Upload the data set in R, setting the appropriate formats for the variables
Create a new script named “data-manipulation” with your surname and name as follows: “YOUR SURNAME-YOUR NAME-data-manipulation”, and save it
In the script, write the code to perform the following operations:
load the library “Tidyverse”
show the first rows of the data frame by using the function head
create a new data frame “tweets_vienna_small_updated” by updating the dataframe “tweets_vienna_small” by using the function mutate to create a new column “log_friends_count” whose values are the log of the values in the column “friends_count” (you don’t need to add 1 to the values in the column “friends_count”)

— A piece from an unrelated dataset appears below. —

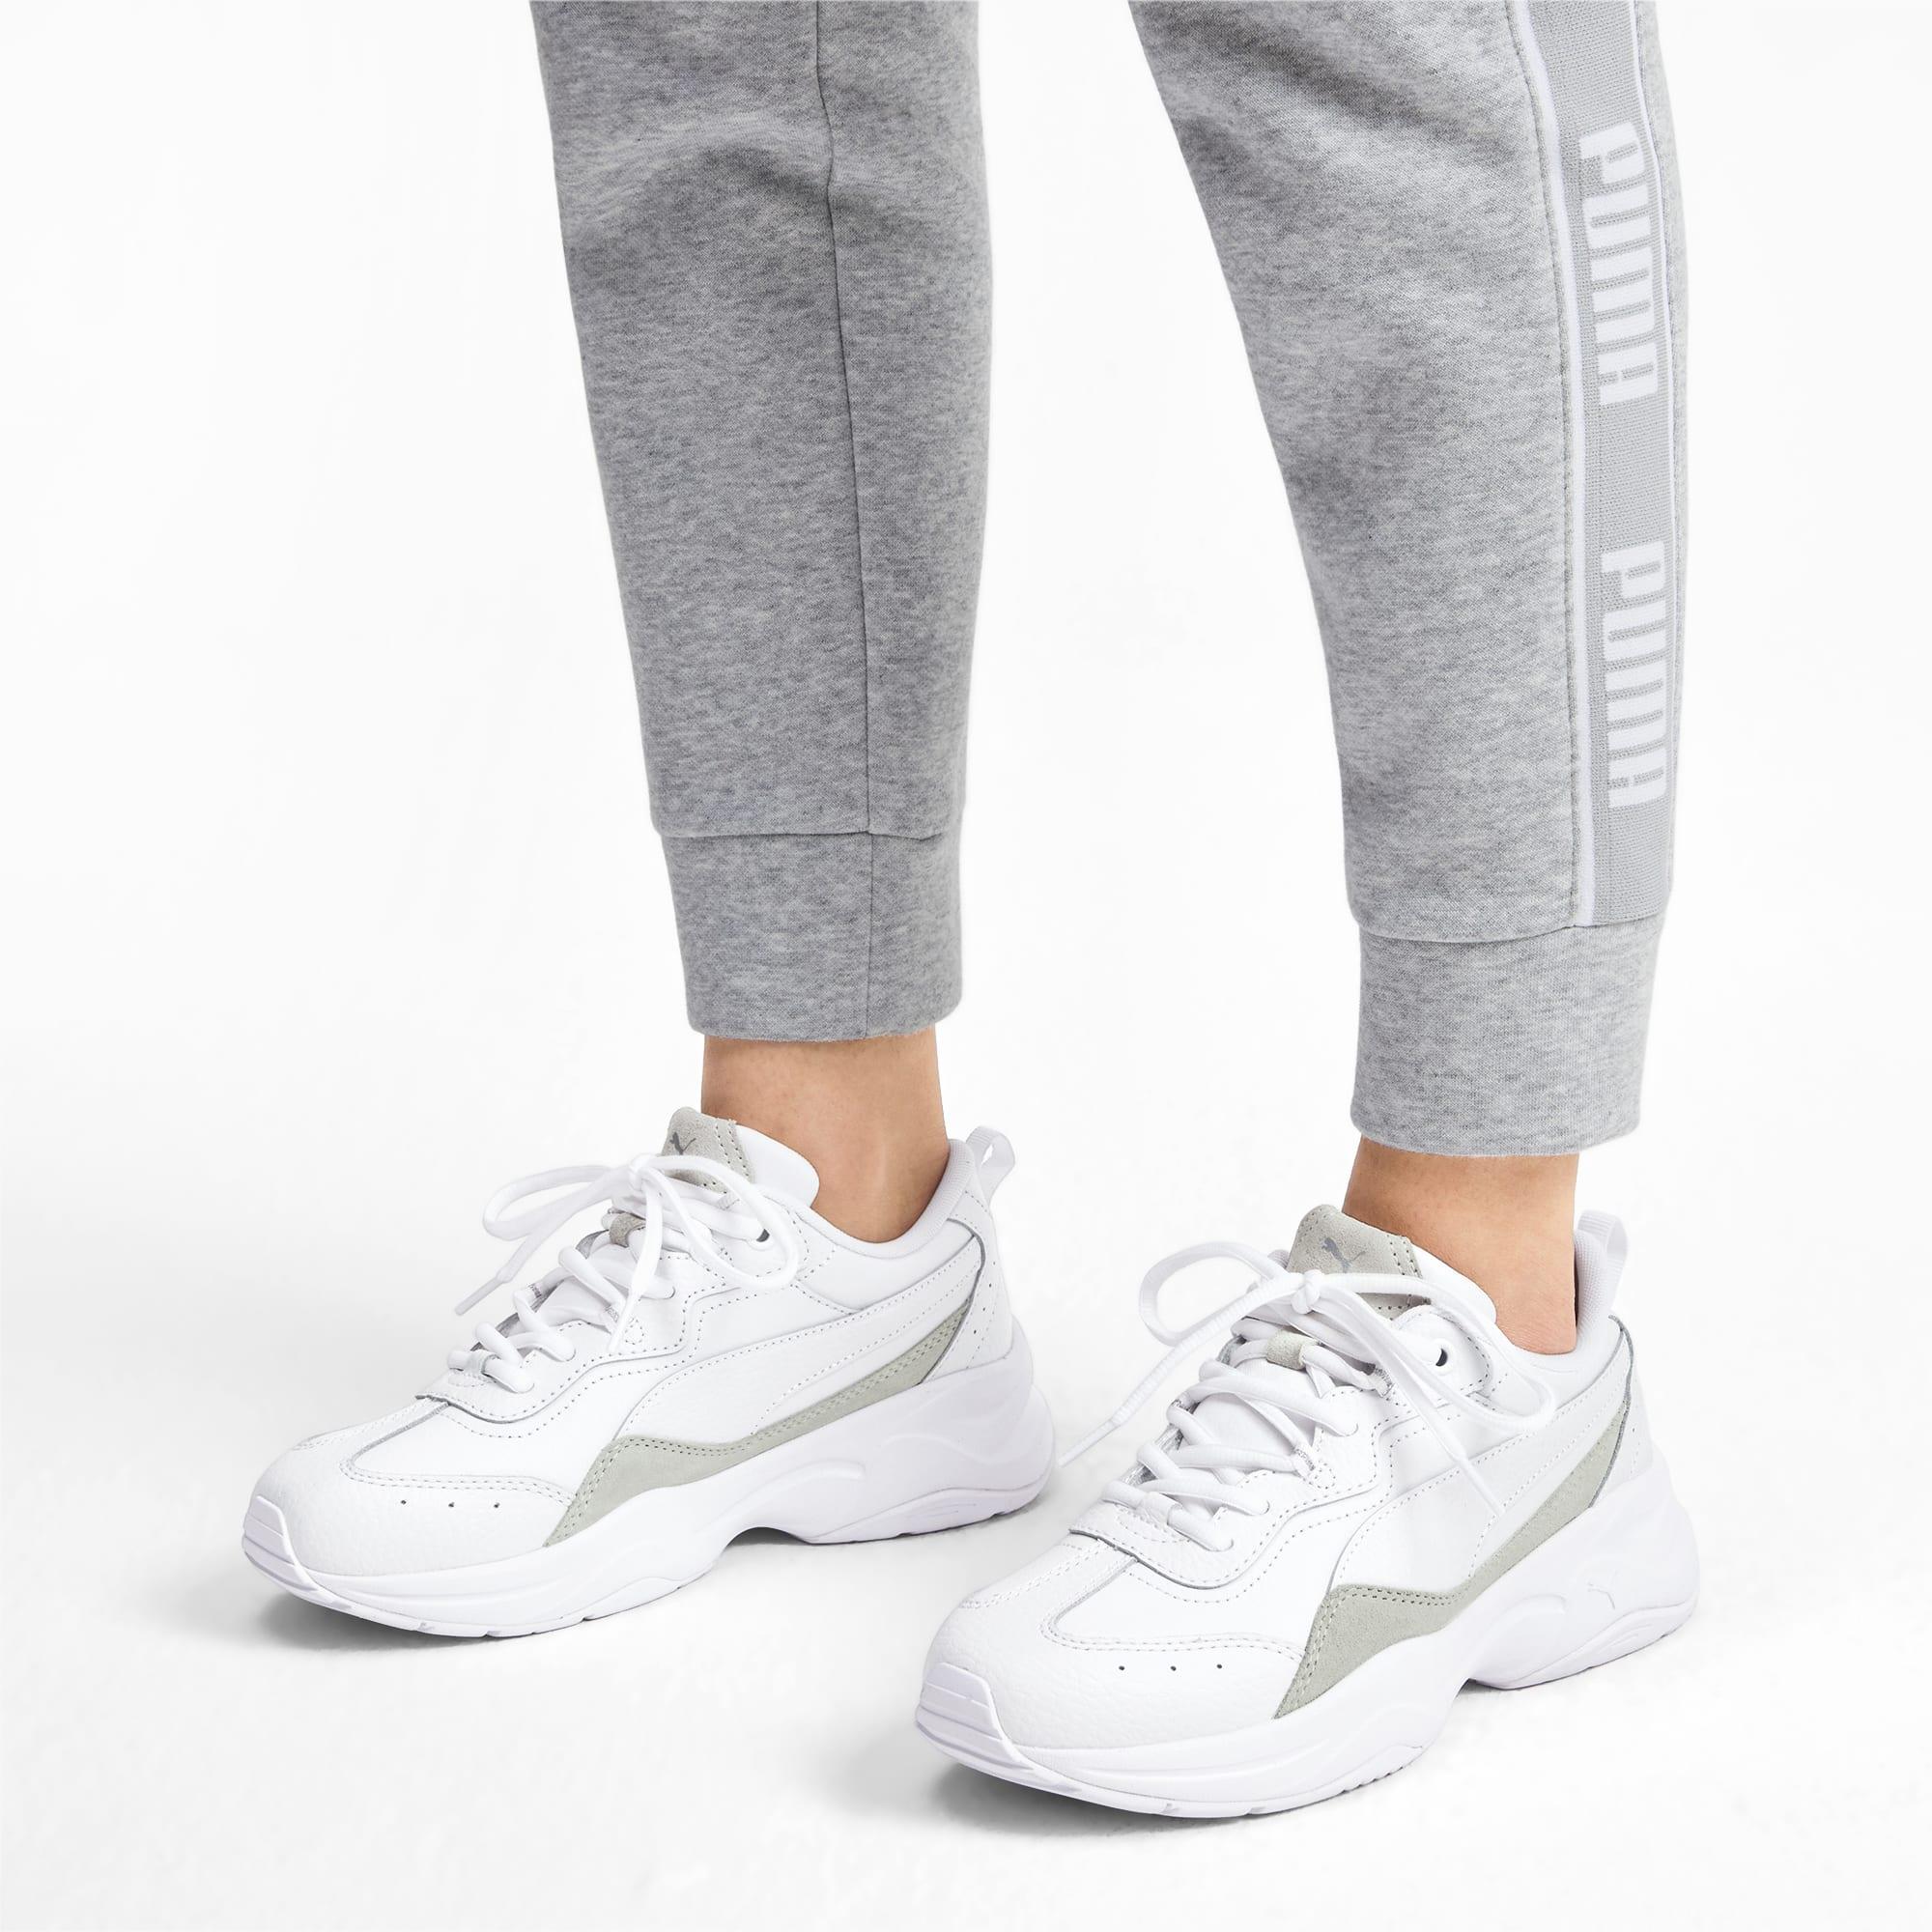 Damskie buty treningowe Cilia Lux
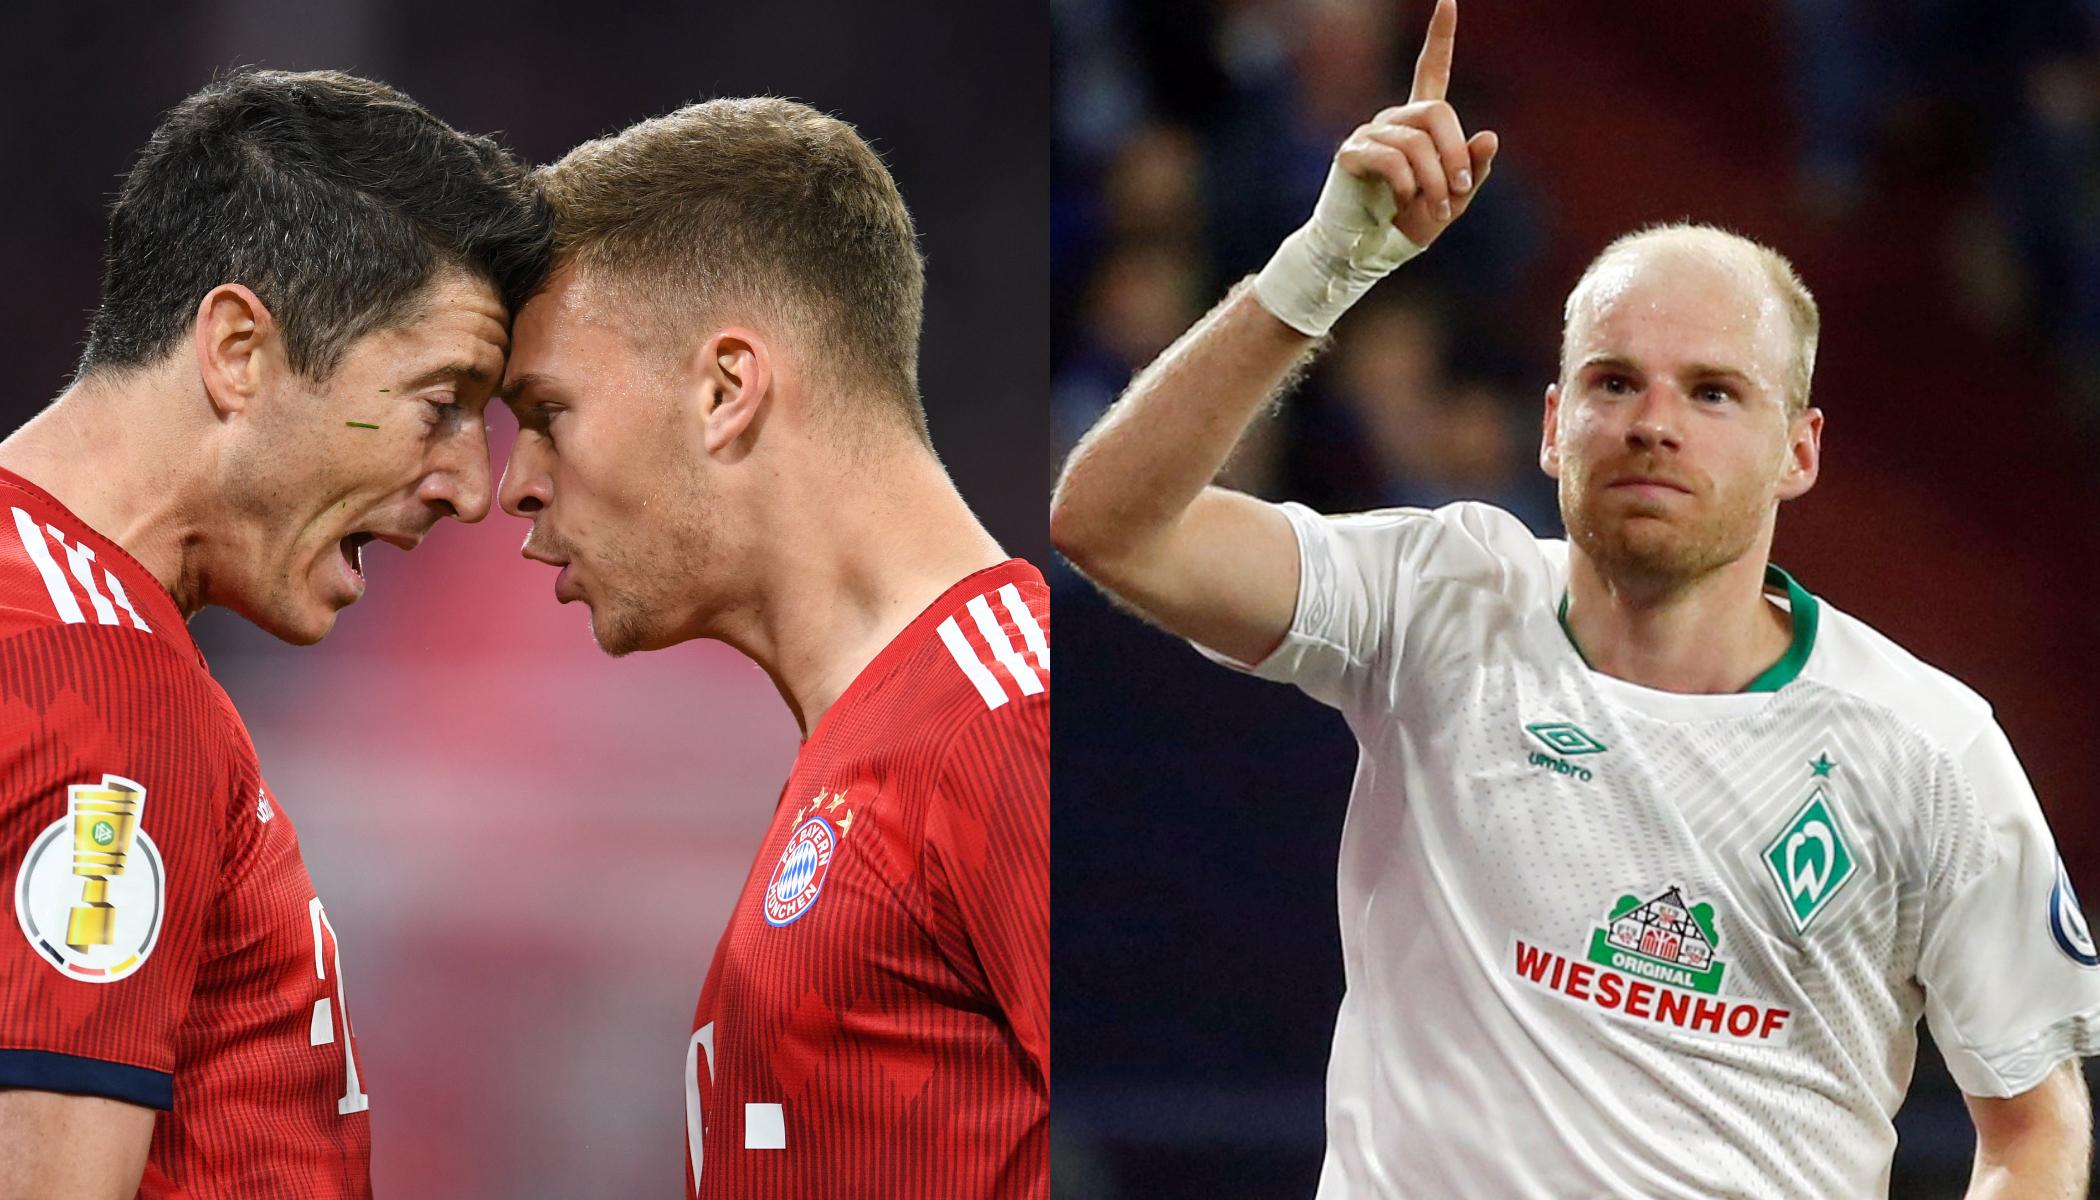 En fotos: el intenso paso de Bayern Munich y Werder Bremen a Semifinales de Copa de Alemania

save the updated dataframe “tweets_vienna_small_updated”, by using the following code to save a csv file (please change YOUR SURNAME-YOUR NAME with your actual surname and name): write.csv(tweets_vienna_small_updated, file = “./data/YOUR SURNAME-YOUR NAME-tweets_vienna_small_updated.csv”, row.names=F) (we add row.names=F to avoid saving the number that indexes each row)
create a new data frame named “summary_tweets_vienna_small” aggregating the data by “screen_name” (using the function group_by) and then summarizing the data (by using the function summarize) as follows:
in a column named “average_favorite_count”, calculate the average of “favorite_count” by “screen_name” (that is, by user)
in a column named “average_retweet_count”, calculate the average of “retweet_count” (by user, obviously, since the data are already aggregated by user’ name)
in a column named “number_of_tweets”, calculate the number of tweets published by each users (by using the function n())
save the “summary_tweets_vienna_small” in the data folder of the project, in csv format, and with the name “YOUR SURNAME-YOUR NAME-summary_tweets_vienna_small.csv” (remember to specify row.names=F and to change YOUR SURNAME-YOUR NAME with your actual surname and name)
create a new data frame object called “summary_tweets_vienna_small_filtered”, where you will save the data.frame summary_tweets_vienna_small, after having filtered the rows with average_retweet_count higher than 10 (by using the function filter), and after having selected the column “screen_name” and “average_retweet_count” (so, you should end up with a data frame with just two columns, “screen_name” and “average_retweet_count”, and the rows with “average_retweet_count” higher than 10)
save the data frame “summary_tweets_vienna_small_filtered” with the name “YOUR SURNAME-YOUR NAME-summary_tweets_vienna_small_filtered.csv” in the folder data (remember to specify row.names=F and to change YOUR SURNAME-YOUR NAME with your actual surname and name).
Save the script “YOUR SURNAME-YOUR NAME-data-manipulation” with all the code you have used to perform these analysis. Write a comment in the script (using the hash mark #) if you are not able to do something.
Upload the script “YOUR SURNAME-YOUR NAME-data-manipulation.r” and the files “YOUR SURNAME-YOUR NAME-tweets_vienna_small_updated.csv”, “YOUR SURNAME-YOUR NAME-summary_tweets_vienna_small.csv”, and the file “YOUR SURNAME-YOUR NAME-summary_tweets_vienna_small_filtered.csv” on Moodle, in the folder “HomeWork-1”. The deadline is Sunday 11 April.